Horwich is situated at the southern end of the West Pennine Moors, with a population of over 20,000 and decent access to the M61 motorway. Railway stations at Blackrod (nearest to the town centre) and Horwich Parkway, combined with a frequent bus service provide transport between Horwich and Bolton.
Kearsley is a medium sized town situated a few miles south of Bolton. The A666 from Manchester to Kearsley passes directly through the town.
Kearsley railway station provides a service northbound to Bolton and southbound to Manchester.
As a large village in the Metropolitan Borough of Bolton, Little Lever is situated a couple of miles southeast of Bolton. There are seven schools in little lever (5 primary, one secondary, and one special needs school) so it’s an excellent place for families to settle, and it also hosts a library for the book lovers.

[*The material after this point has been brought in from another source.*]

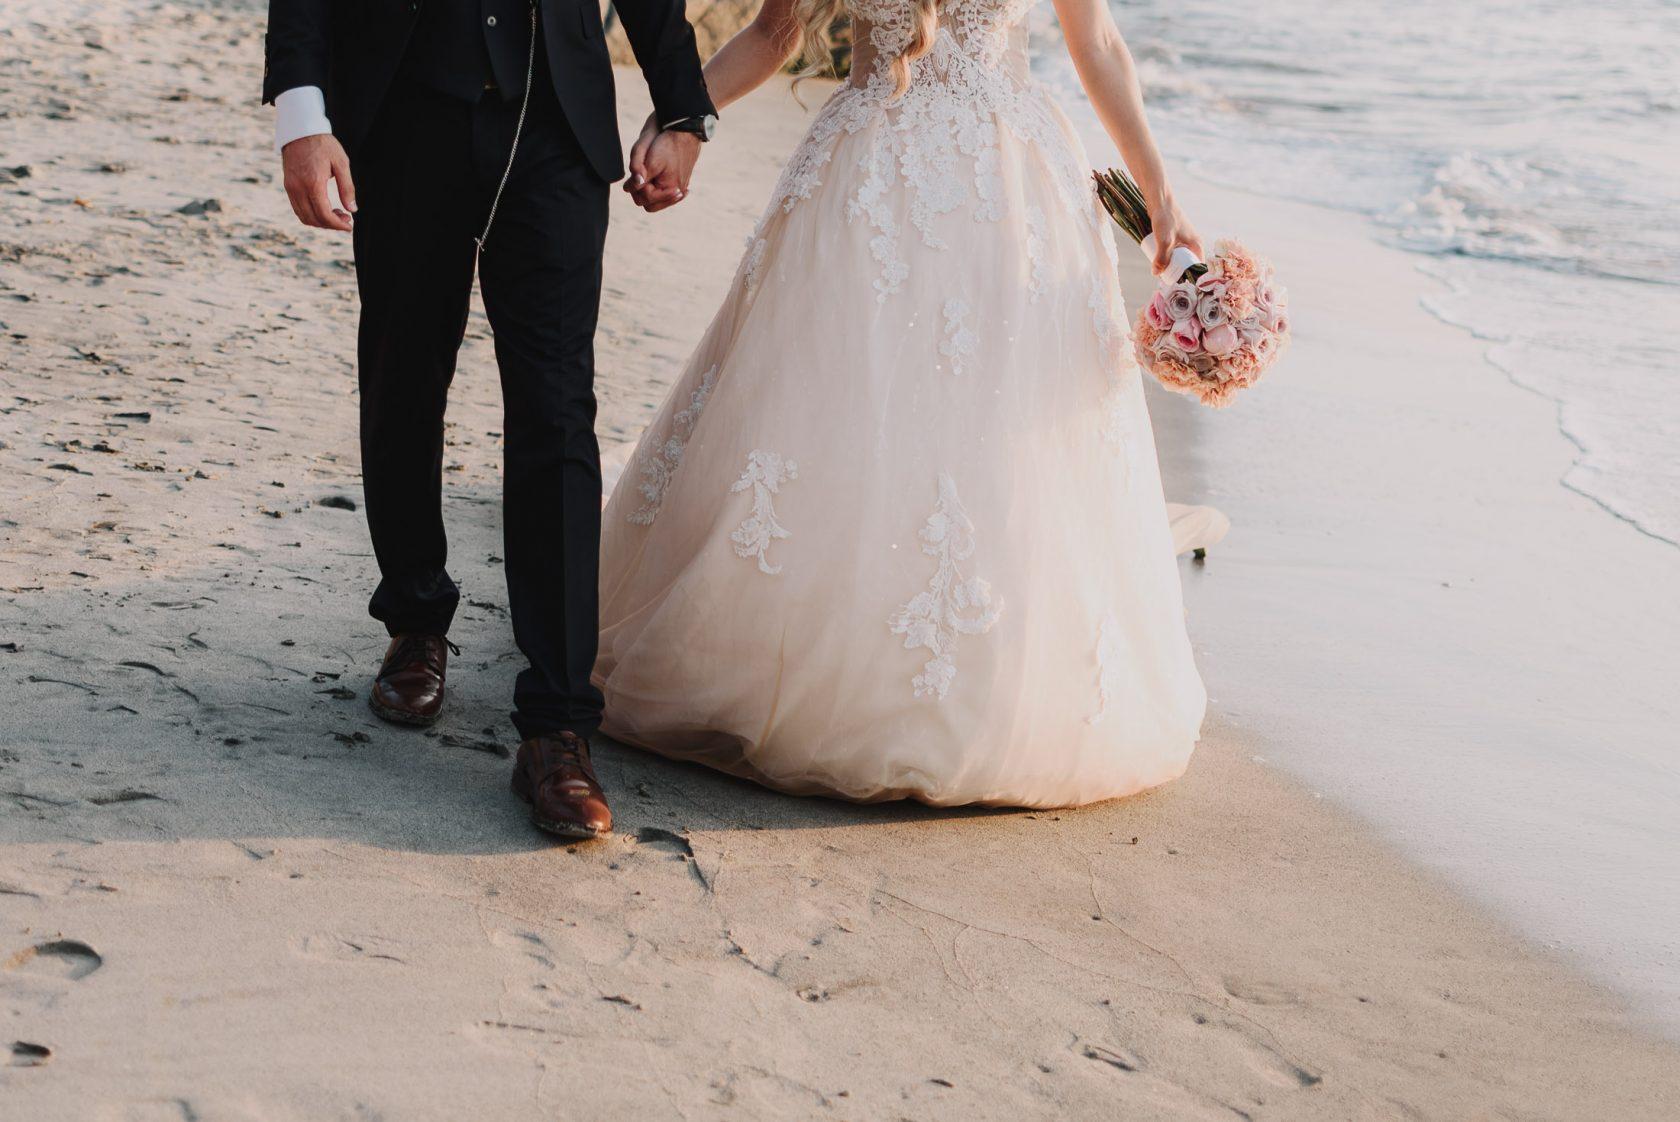 los matrimonios en domingo son más económicos que un sábado
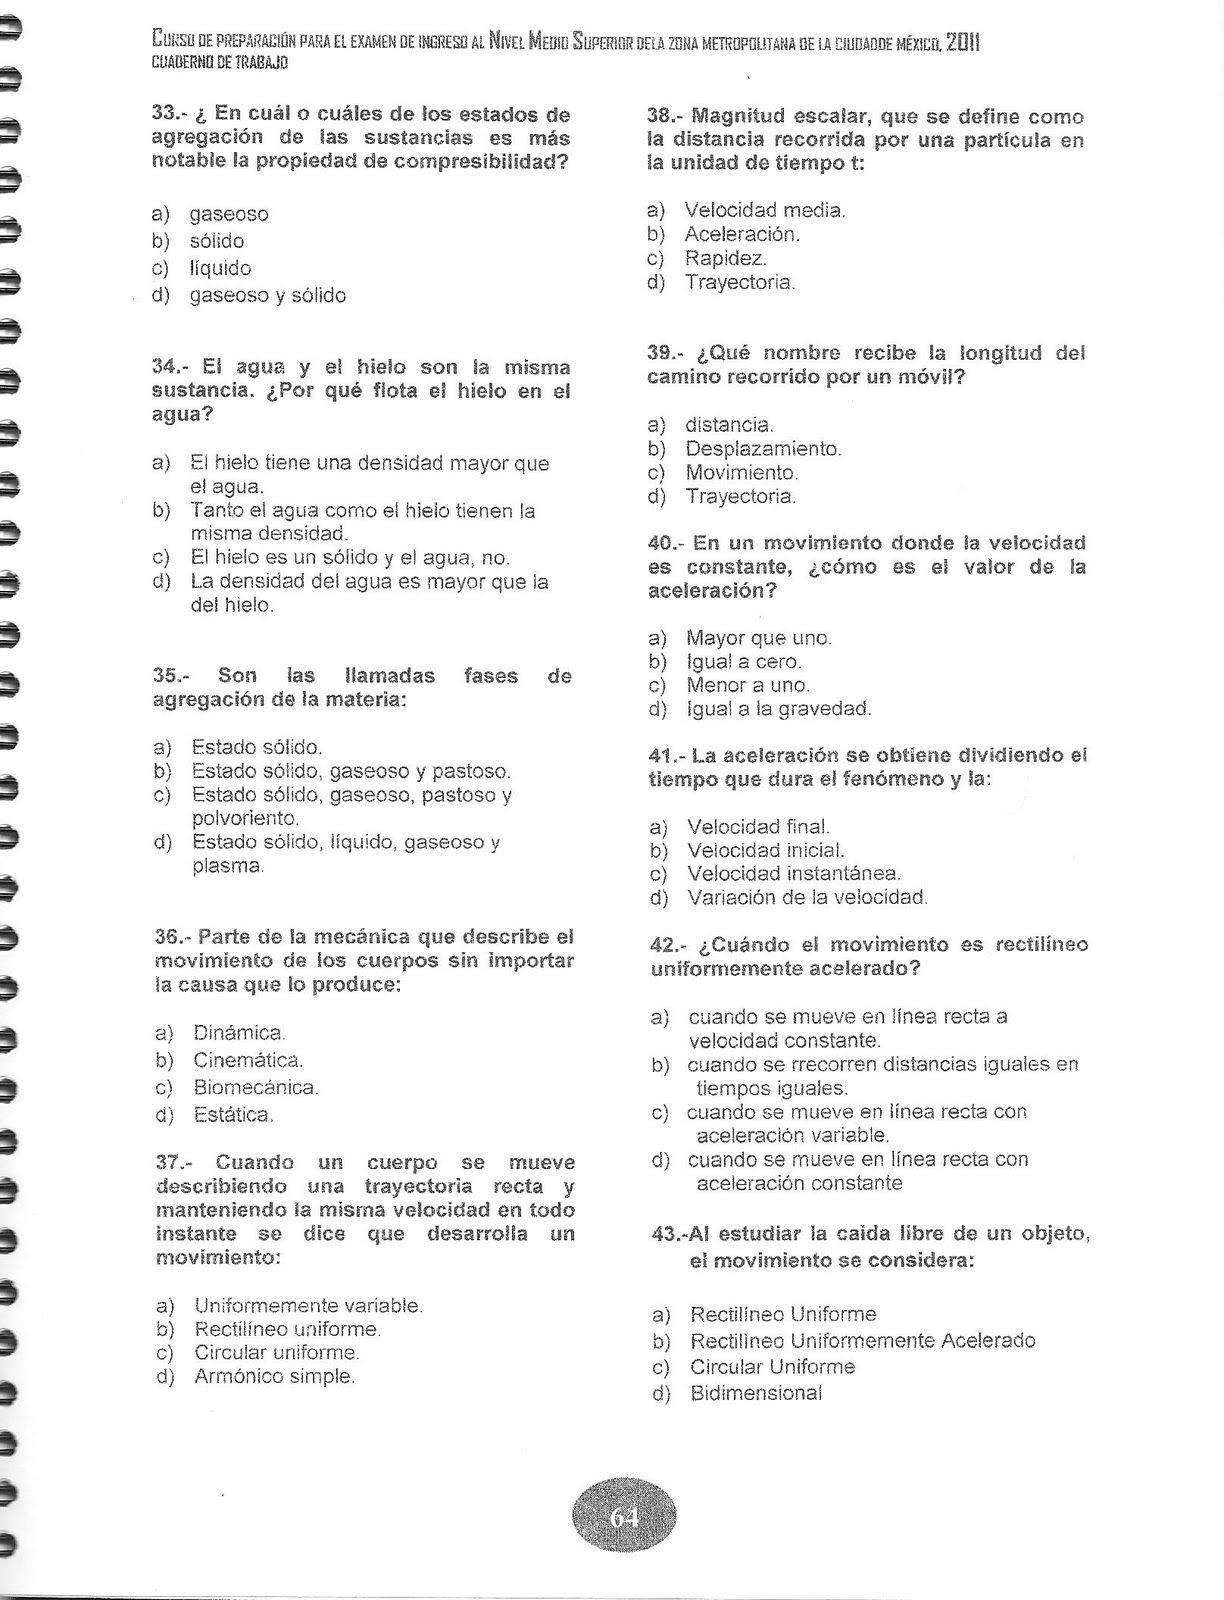 Jesus Fis Quim Fisica Ejercicios Preparacion Examen Ceneval Examen Lecciones De Gramatica Matematicas Bachillerato

Adjacent to the Little Lever School is a purpose-built leisure centre containing a sports hall, gymnasium, squash courts, and an all-weather pitch. Sports all-rounders can also get in some football, cricket, and bowls. For active youths there are several youth organisations to join, which will help keep them busy through a range of activities.
Westhoughton is made up of several small villages and hamlets, each with a unique character. Transport is well taken care of with buses connecting to Bolton, Wigan and Leigh and trains connecting to Manchester, Bolton and Southport.
“picturesque farmhouses and cottages provide rural living at its very best…”
Lying on the southern slopes of the West Pennine Moors, South Turton provides superb country living within close proximity to the centres of Bolton, Blackburn and Bury. The picturesque farmhouses and cottages provide rural living at its very best and the trails around the Wayoh and Entwistle reservoirs are local favourites with ramblers and dog walkers alike.